# Hermit crabs and turbo snails.



## WateraDrop (Nov 16, 2008)

Hello hello. Happy new year first of all.

I've been keeping a little .. I don't know if I should call it a reef given it only has two softies in it LOL but I've been keeping a marine tank since early last year. Alongside fish and shrimp and a shy pom pom crab, I have a turbo snail in there. 

I'm wondering -- is it a bad idea to put any reef hermits in there? I've been reading around and some say that hermits will likely kill the snail and take its shell while others say that that might not happen with certain varieties of reef hermits. Anyway, advice? Also, why are they called turbo snails? LOL.


----------



## Sunstar (Jul 29, 2008)

one way to solve this is to kepe ample shells around. I have both hermits and snails. the snails are fine as i have lots of shell choices.


----------



## WateraDrop (Nov 16, 2008)

Hummmm, where do I get shells from? I recall seeing "fancy shells" for sale on LiveAquaria's site lol I assume that BA's probably carries empty shells.

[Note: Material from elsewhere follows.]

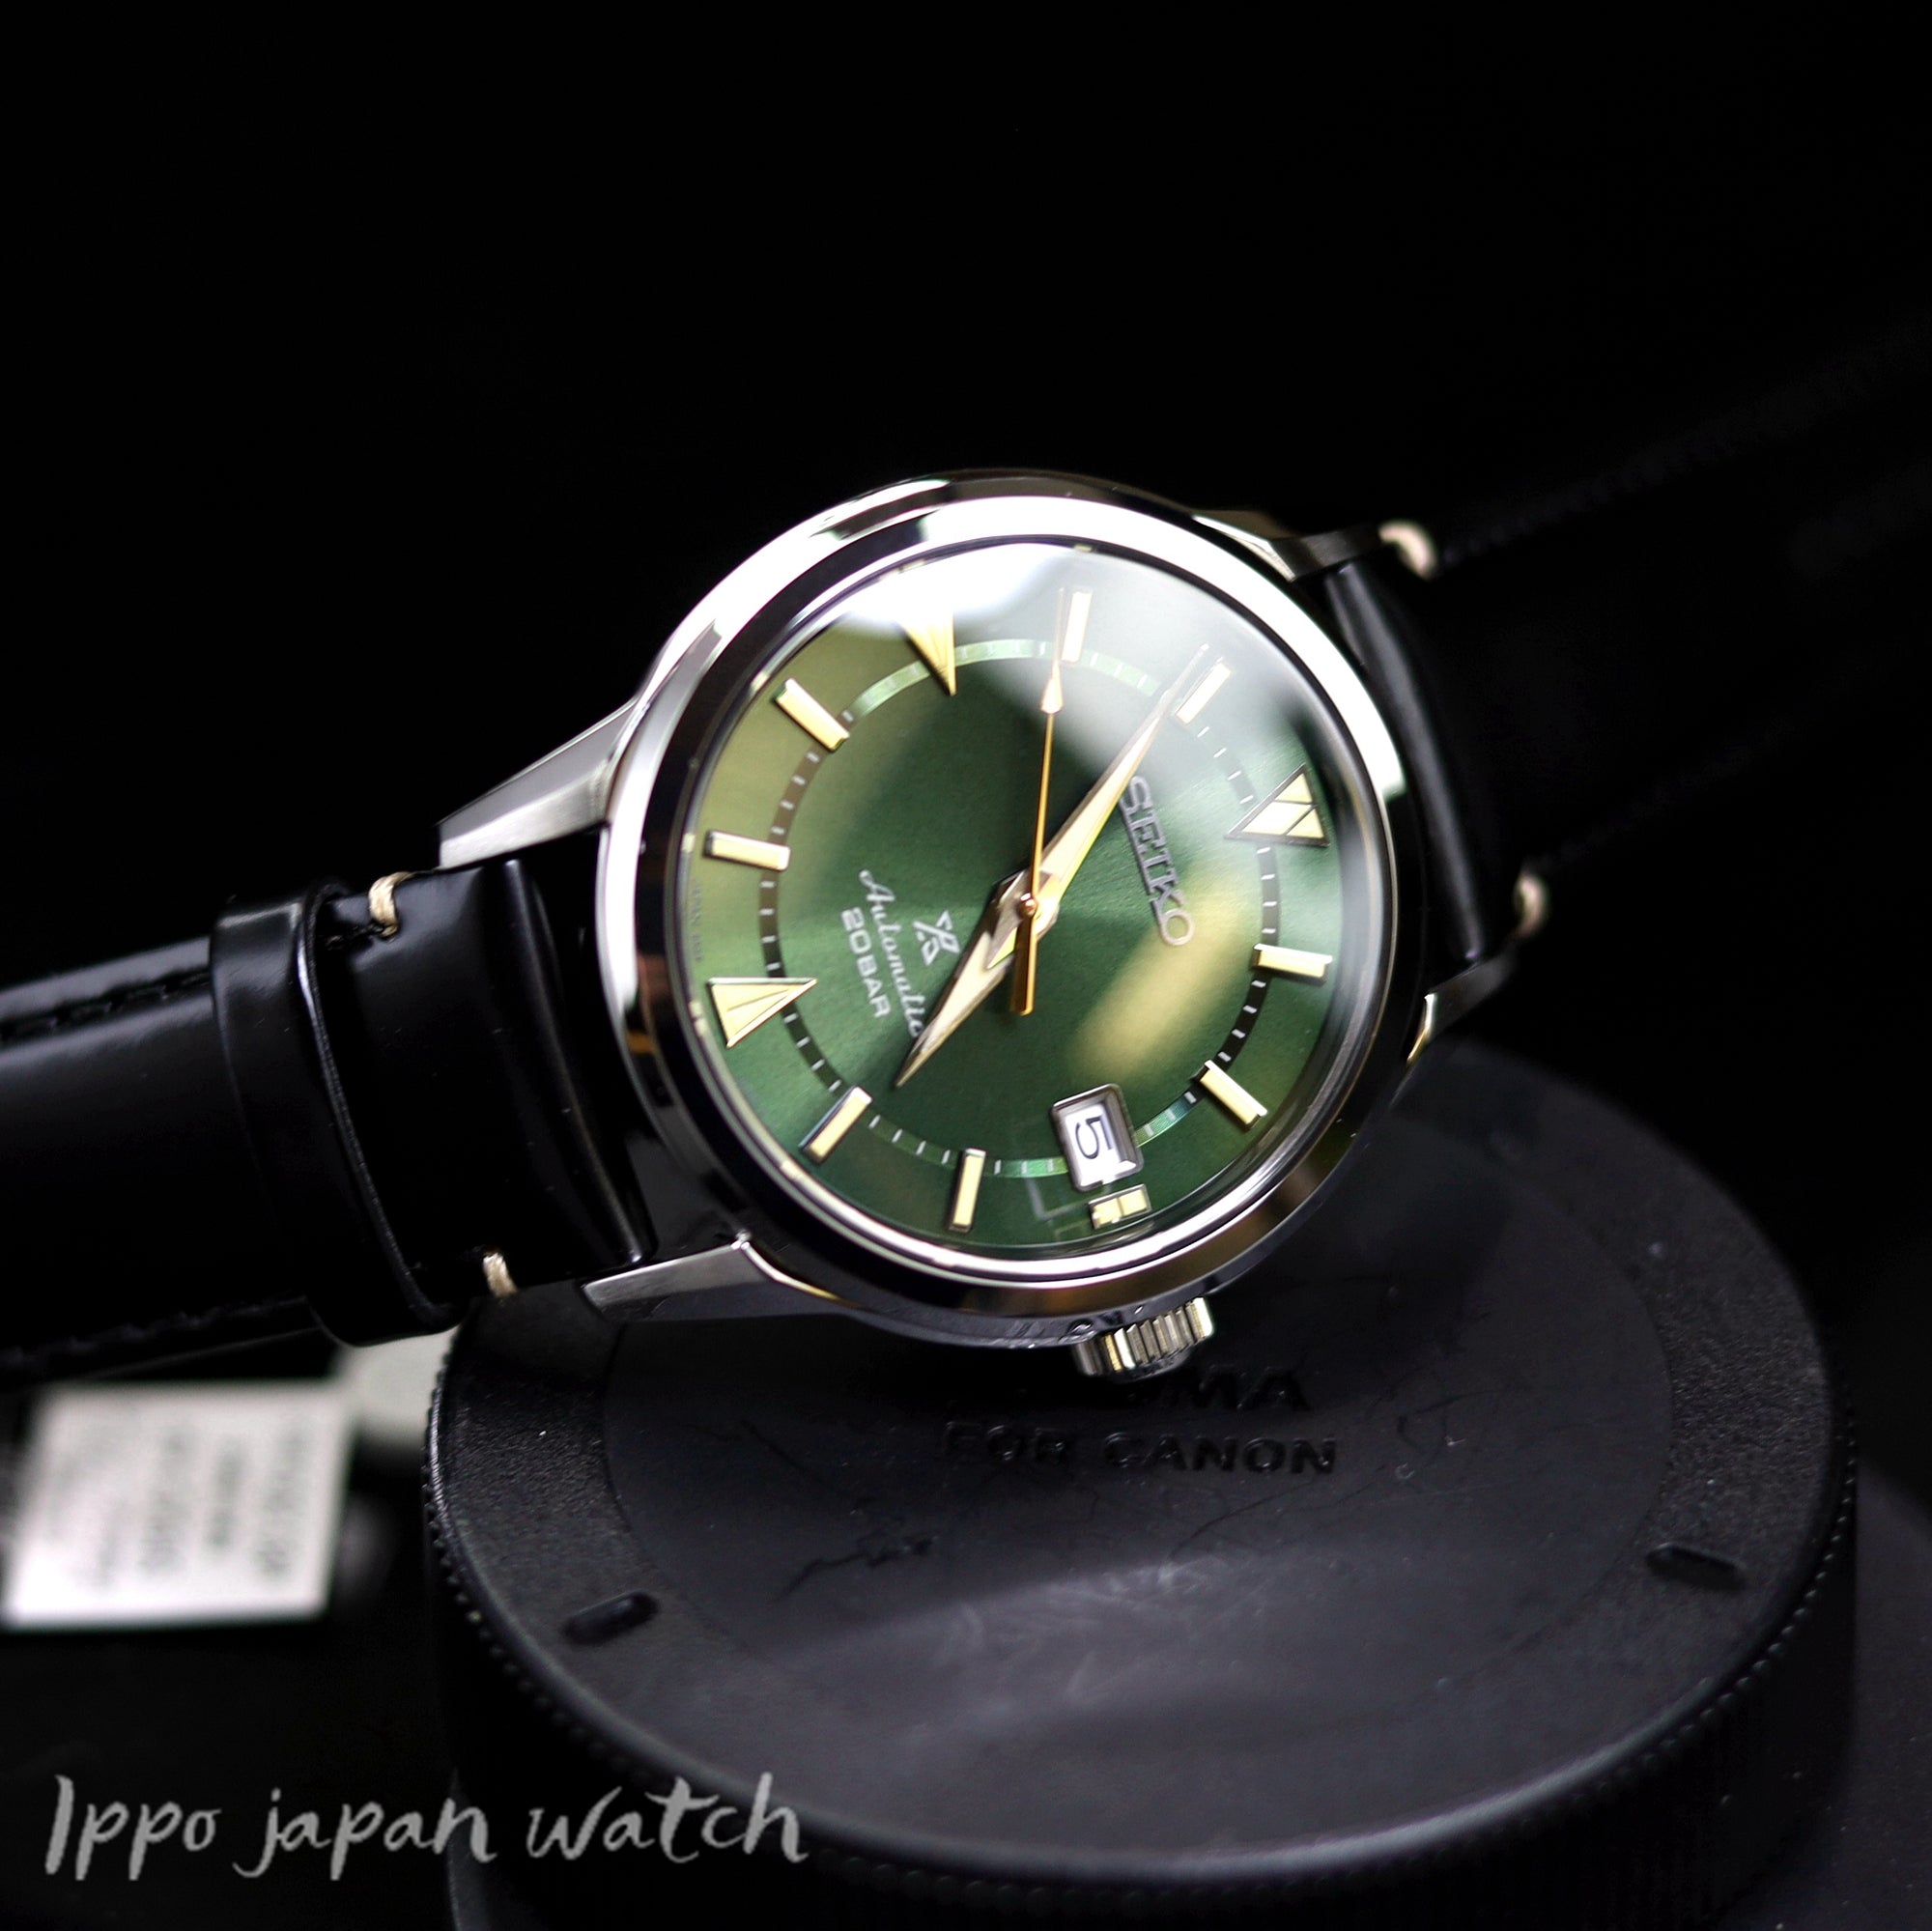 Seiko Prospex SBDC149 SPB245J1 Automatic 20 bar watch – IPPO JAPAN WATCH

I think I'm just going to pick up a bunch from the beach when I go on a cruise down in the Caribbean this spring.


----------



## Octavian (Sep 30, 2009)

Get a package of assorted shells at walmart for less than $2.


----------



## Sunstar (Jul 29, 2008)

if you are near me, I can gvie you a small handful. but someplace like walmart or the dollar store.


----------